1-layer-LSTM

Closed weights Harvard University 86.5M parameters July 2020

No estimate

No hardware requirements for this model

The weights for this model have not been published, so it cannot be downloaded or run on your own hardware at any size. It is reachable only through its provider, and no graphics card changes that.

On record

Full specification

Everything on record for this model. Most of it describes how it was trained rather than how it runs — useful context for judging how much work went into it, and how it compares with models built at a different scale.

Origin

Who built this model, where, and when it was published.

Organisation
Harvard University
Organisation type
Academia
Country
United States of America
Published
13 July 2020
Authors
H. T. Kung, Bradley McDanel, Sai Qian Zhang

What it does

The problem areas the model was built for. A model can carry several of each.

Domain
Language
Task
Language modeling

Size

How large the model is and how much data it was trained on. Parameters are the figure that decides whether it fits on a given graphics card.

Parameters
86.5M
Training data
tokens

Availability

Whether you can obtain the model and run it on your own hardware, which is what decides if any of the graphics-card figures on this page apply.

Weights
Closed — provider access only
Model access
Unreleased
Training code
Unreleased

How it is classified

Labels the source dataset applies when tracking notable models, and how confident it is in the entry.

Citations
10
Benchmark data
1-layer-LSTM

Sources

Where this record came from and when it was last checked.

Reference
Term Revealing: Furthering Quantization at Run Time on Quantized DNNs
Last updated
25 May 2026

What the numbers mean

Background

1-layer-LSTM was published by Harvard University, in United States of America, in July 2020. academia is the category the publisher falls under.

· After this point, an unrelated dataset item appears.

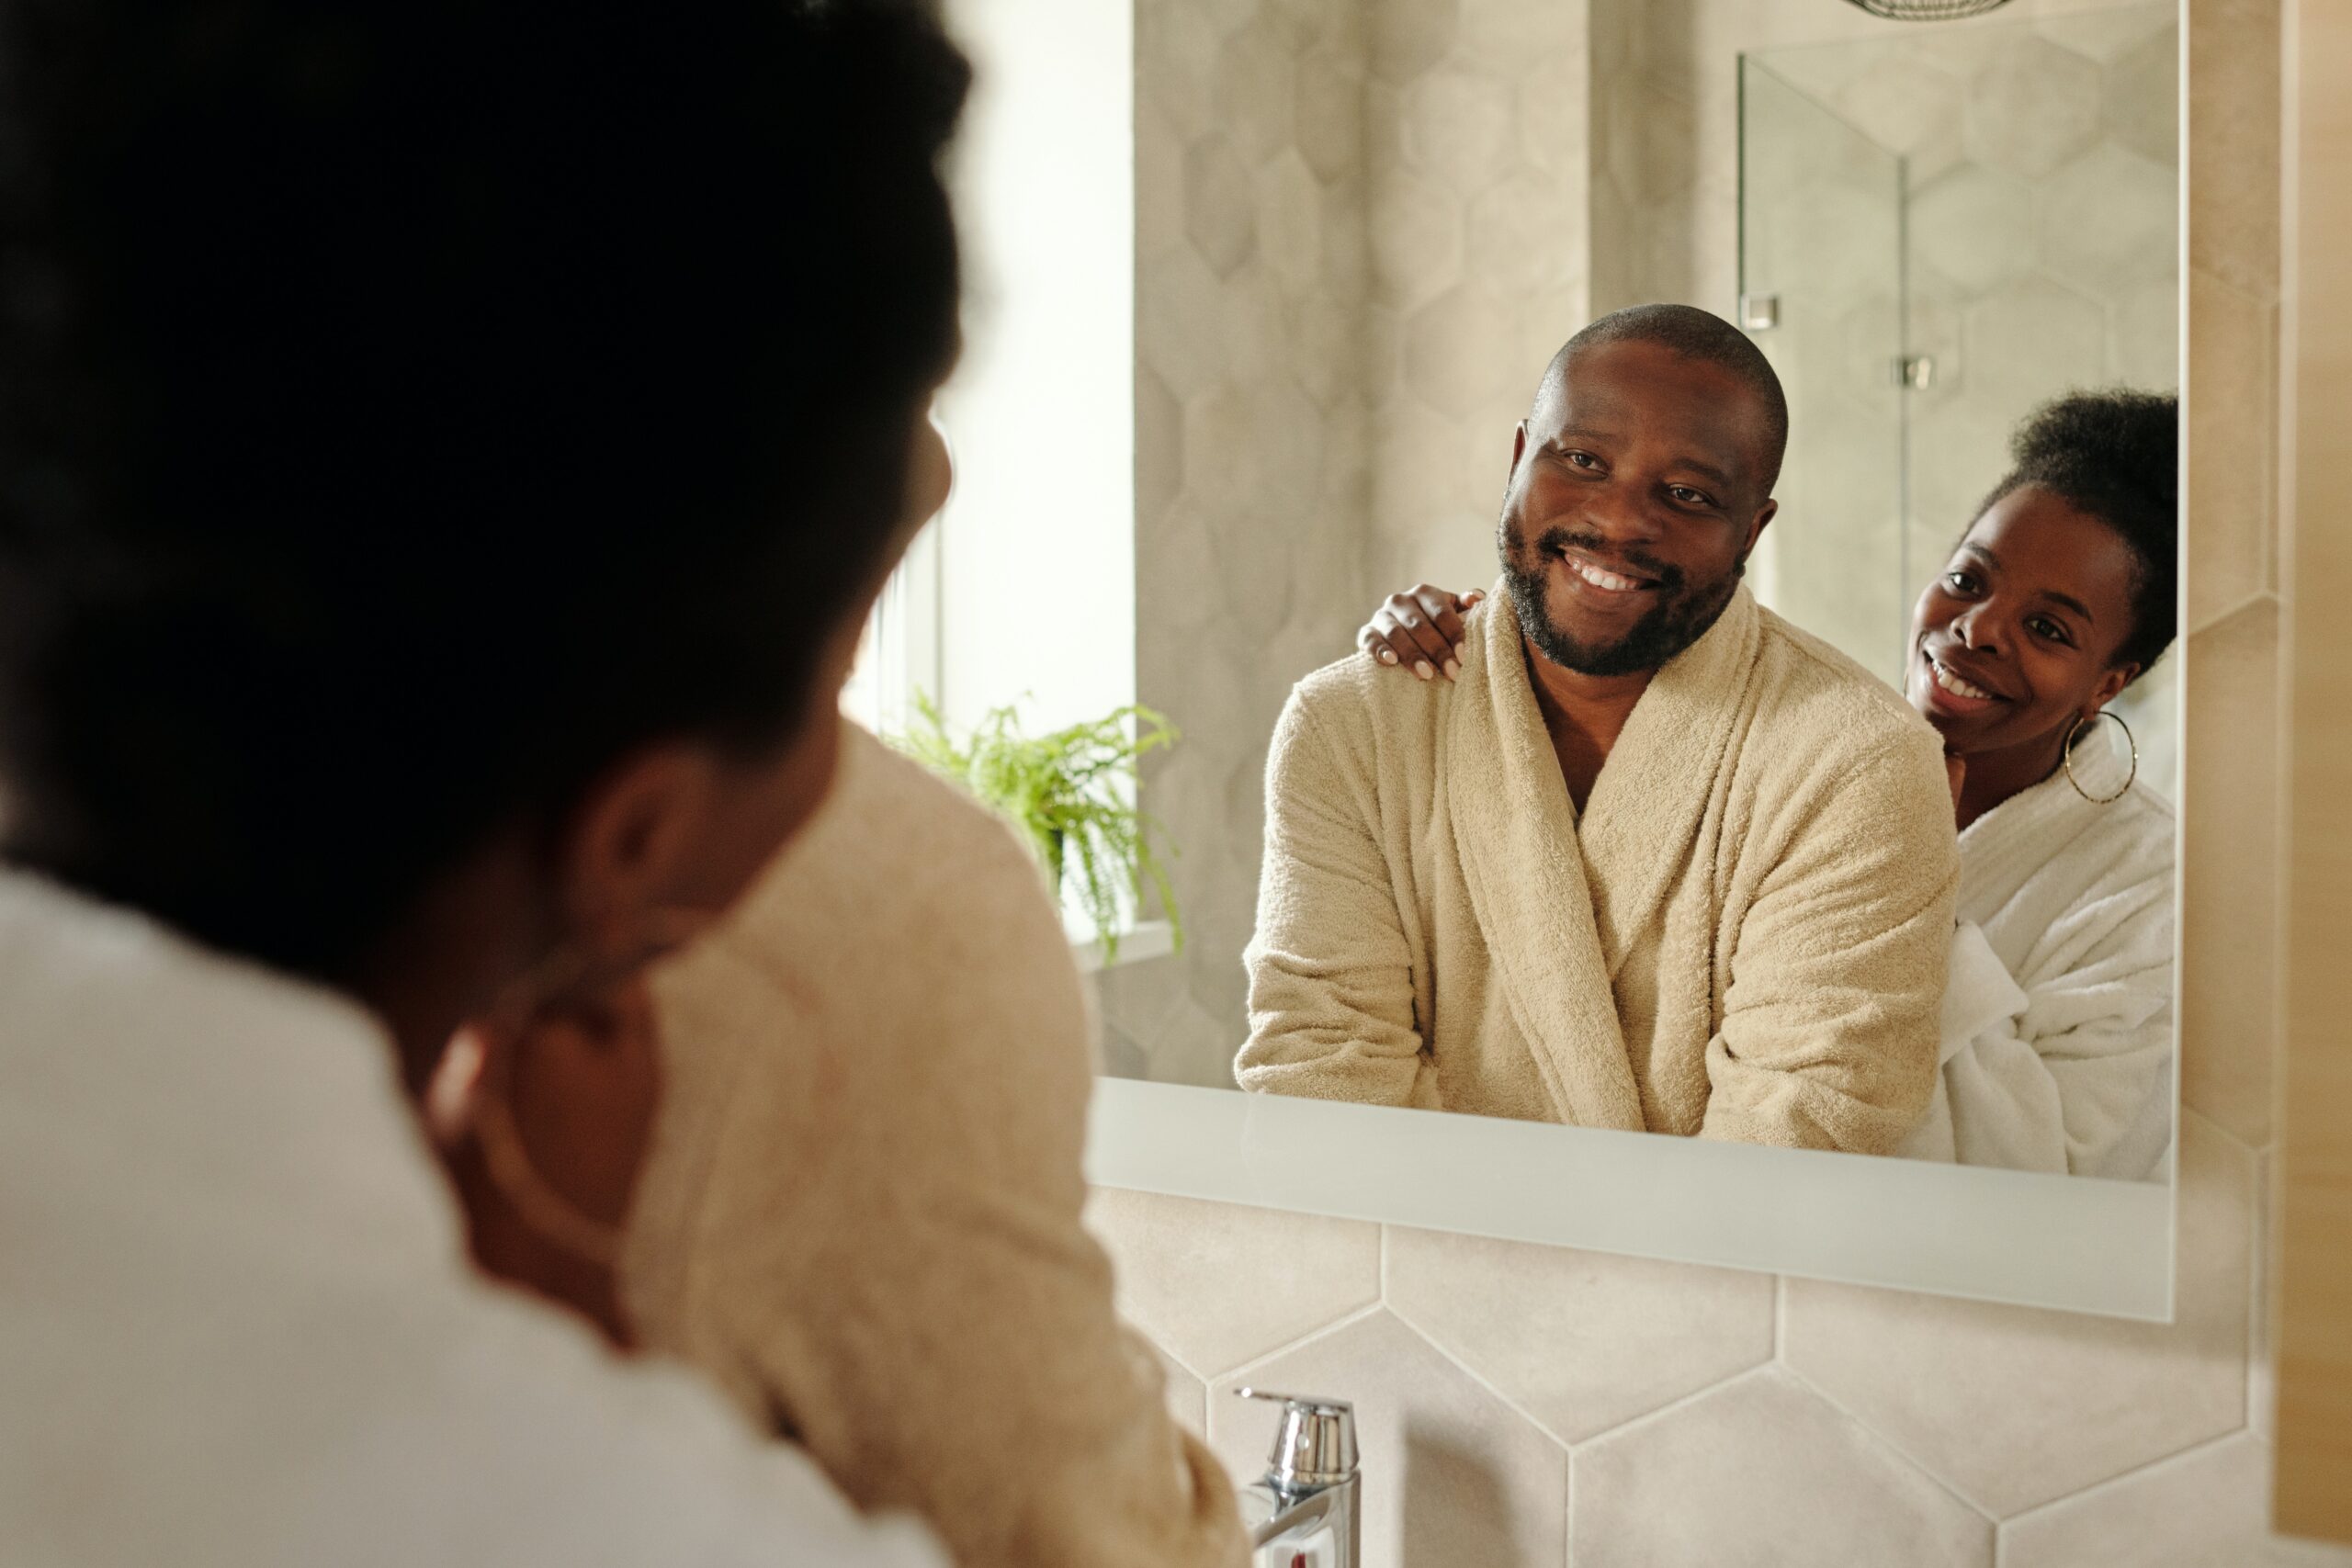 A man and woman smiling at each other in the mirror

It works in Language, and is recorded as doing language modeling.

This is a closed model: the trained values stayed with whoever produced them, and there is no local version to run.

Answers

1-layer-LSTM — common questions

01

What is 1-layer-LSTM used for?

1-layer-LSTM works in Language, and is recorded as handling language modeling. Models frequently carry more than one of each, and the tags describe purpose rather than capability limits.

02

What GPU do I need to run 1-layer-LSTM?

None. 1-layer-LSTM is a closed model — its weights were never published, so it cannot be downloaded or run on your own hardware at any price. It is reachable only through its provider.

03

Is 1-layer-LSTM open source?

No. 1-layer-LSTM has not had its weights published, so it exists only as a service controlled by its owner.

04

How many parameters does 1-layer-LSTM have?

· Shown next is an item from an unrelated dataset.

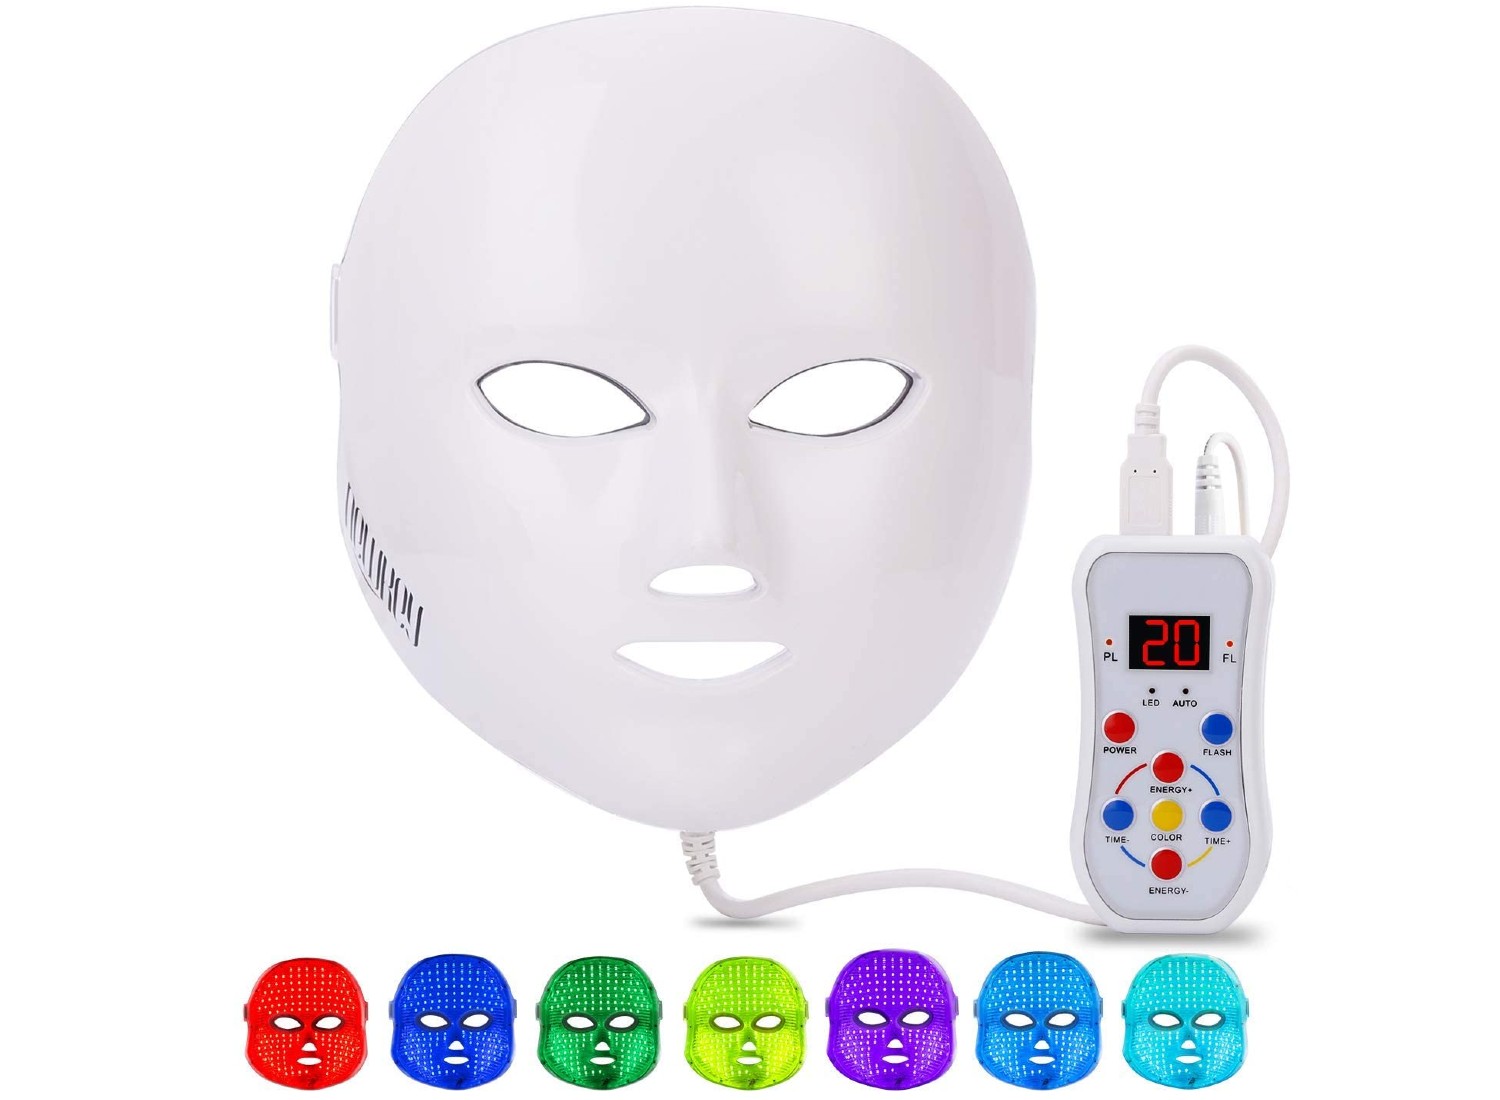 Light Therapy LED face masks

1-layer-LSTM has 86.5M parameters. That figure is the total, and it is what decides how much memory the model needs — roughly half a gigabyte per billion at the compression most people use.

05

Who created 1-layer-LSTM?

1-layer-LSTM was published by Harvard University, based in United States of America, categorised as academia.

06

When was 1-layer-LSTM released?

1-layer-LSTM was published in July 2020. Capability per parameter has improved considerably since, so a newer model of the same size is often the better use of the same hardware.

Source

Original publication

Record last updated 25 May 2026

The other direction

Looking at it from the other side?

This page starts from the model. If you already own a card and want to know everything it will run, start from the hardware instead.